A) Collections Inc. is in the business of collecting past-due accounts for other companies, i.e., it is a collection agency. Collections' revenues, profits, and stock price tend to rise during recessions. This suggests that Collections Inc.'s beta should be quite high, say 2.0, because it does so much better than most other companies when the economy is weak.
B) Suppose the returns on two stocks are negatively correlated. One has a beta of 1.2 as determined in a regression analysis using data for the last 5 years, while the other has a beta of -0.6. The returns on the stock with the negative beta must have been negatively correlated with returns on most other stocks during that 5-year period.

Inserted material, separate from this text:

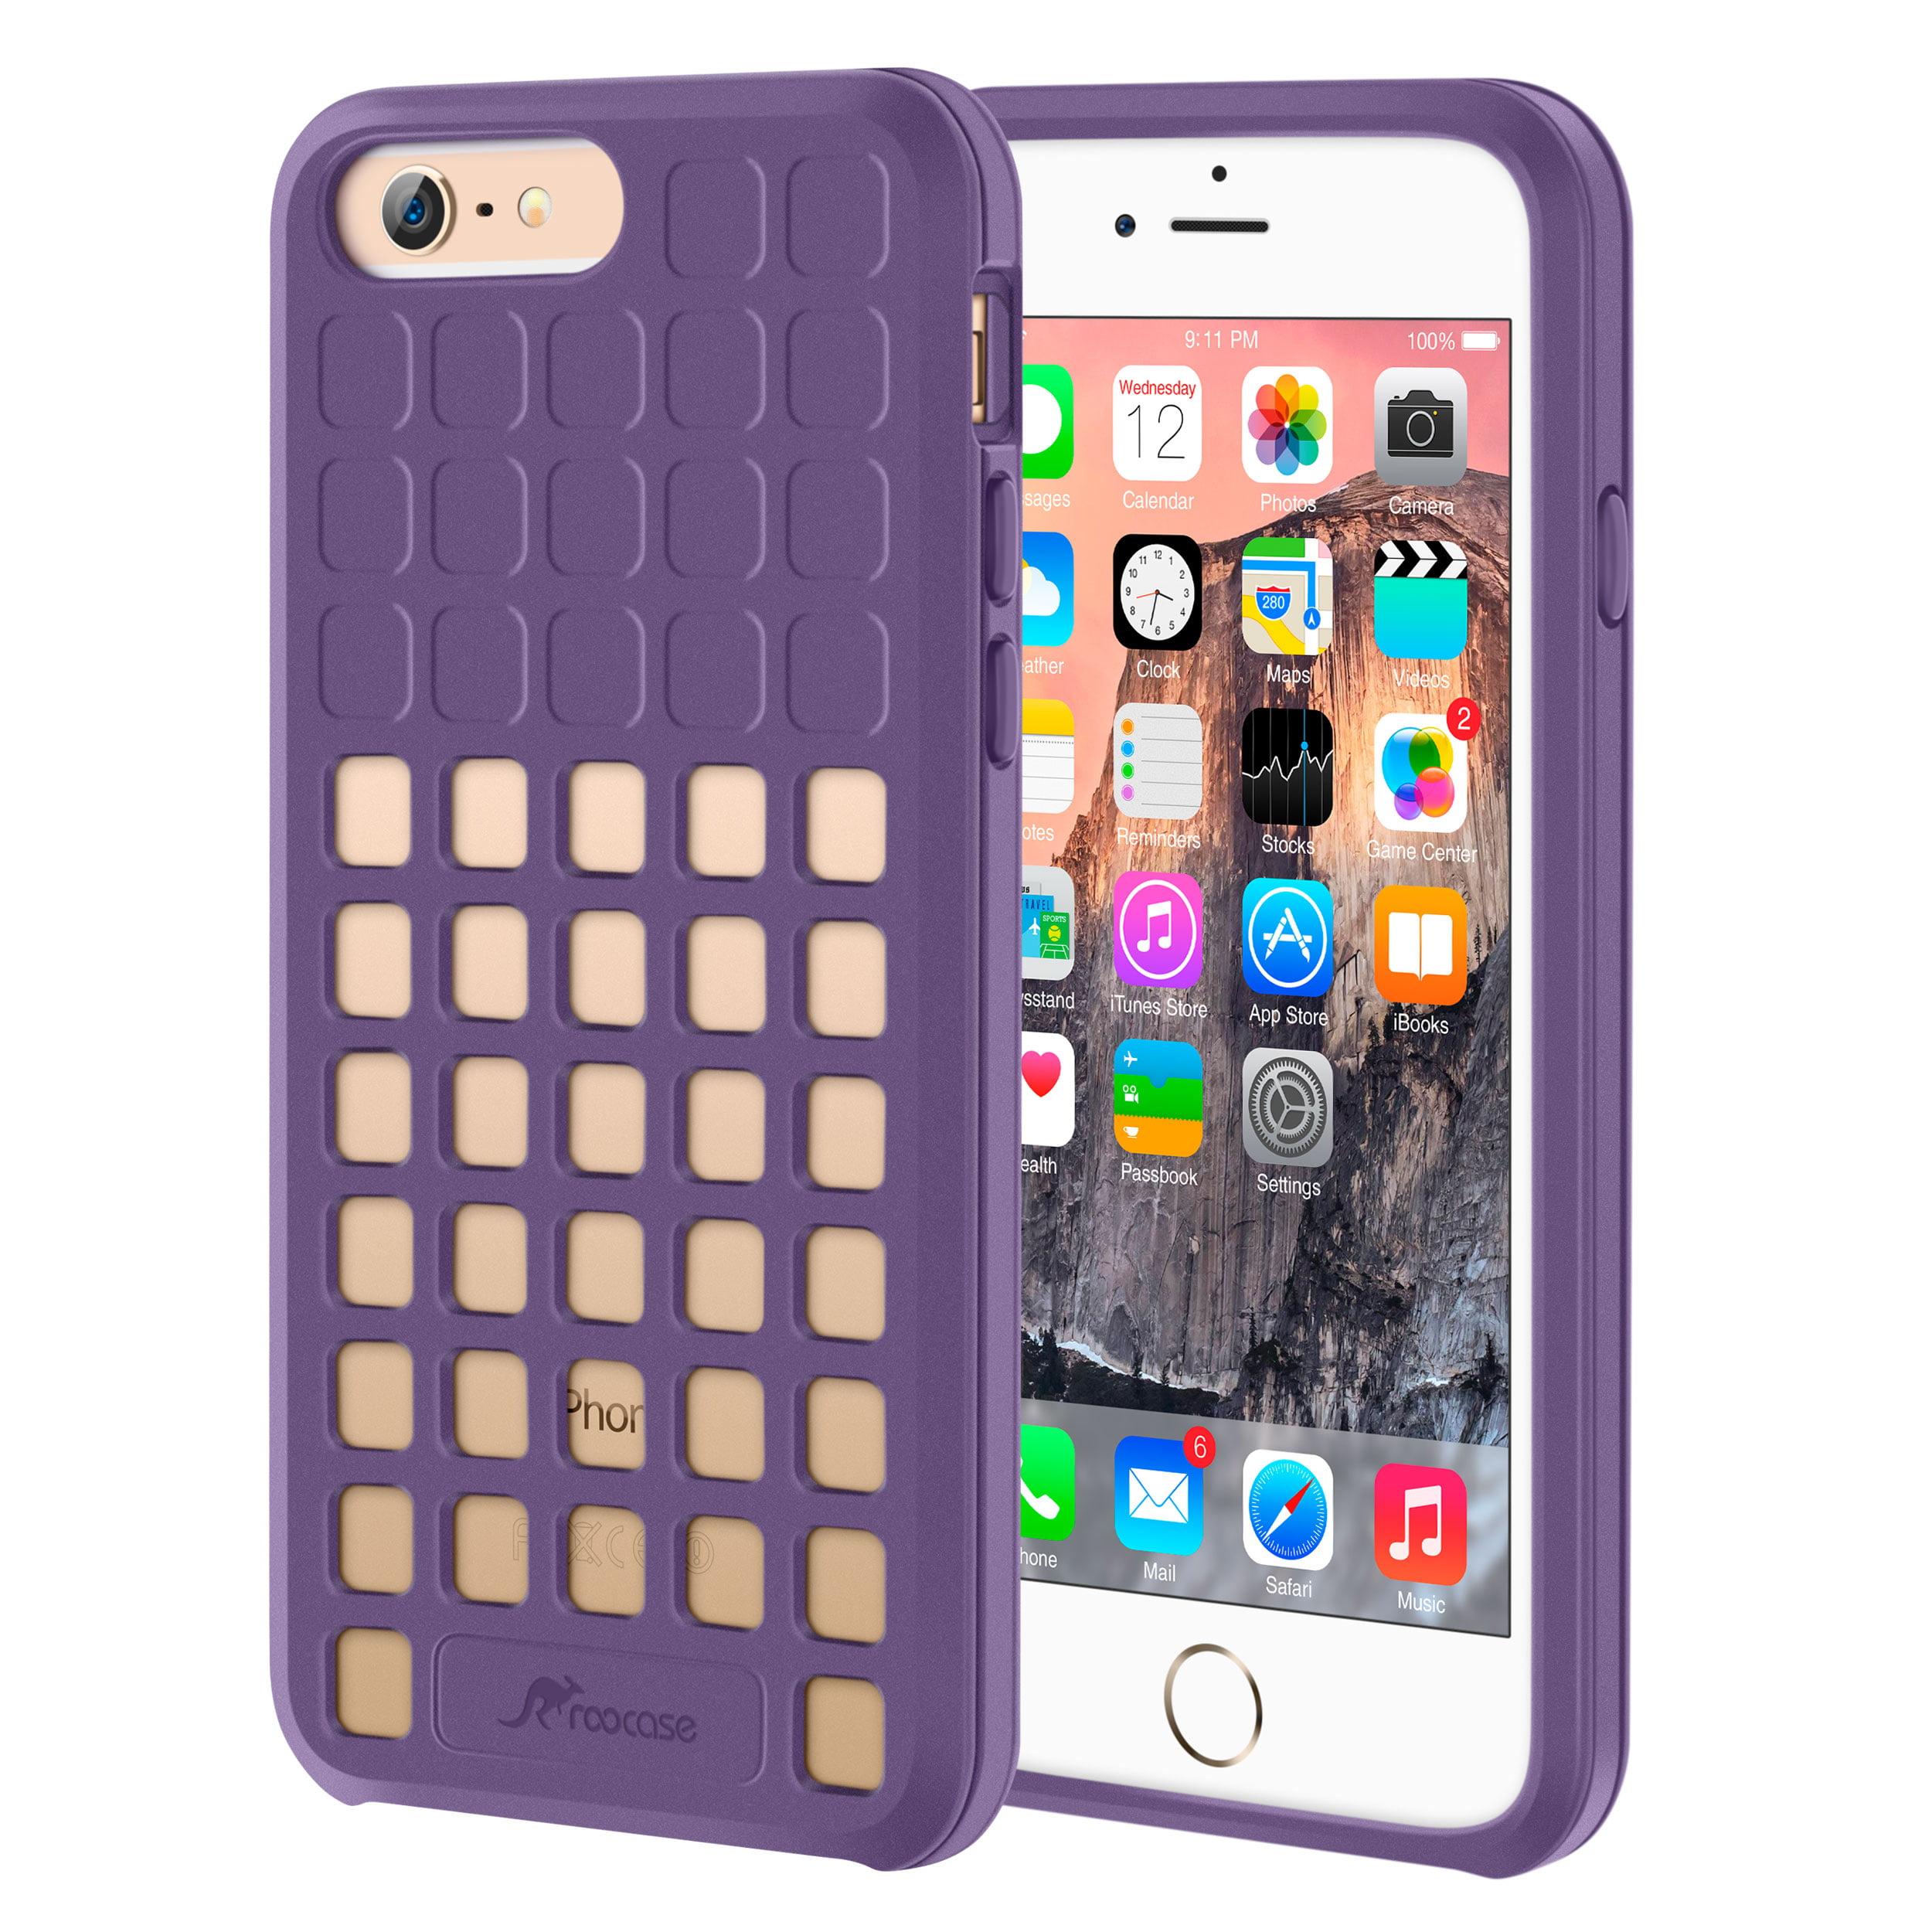 iPhone 6s Case, roocase [Shock Resistant] iPhone 6 Slim Lightweight [Quadric Series] Case Cover for Apple iPhone 6 / 6s (2015)

C) Suppose you are managing a stock portfolio, and you have information that leads you to believe the stock market is likely to be very strong in the immediate future. That is, you are convinced that the market is about to rise sharply. You should sell your high-beta stocks and buy low-beta stocks in order to take advantage of the expected market move.
D) You think that investor sentiment is about to change, and investors are about to become more risk averse. This suggests that you should re-balance your portfolio to include more high-beta stocks.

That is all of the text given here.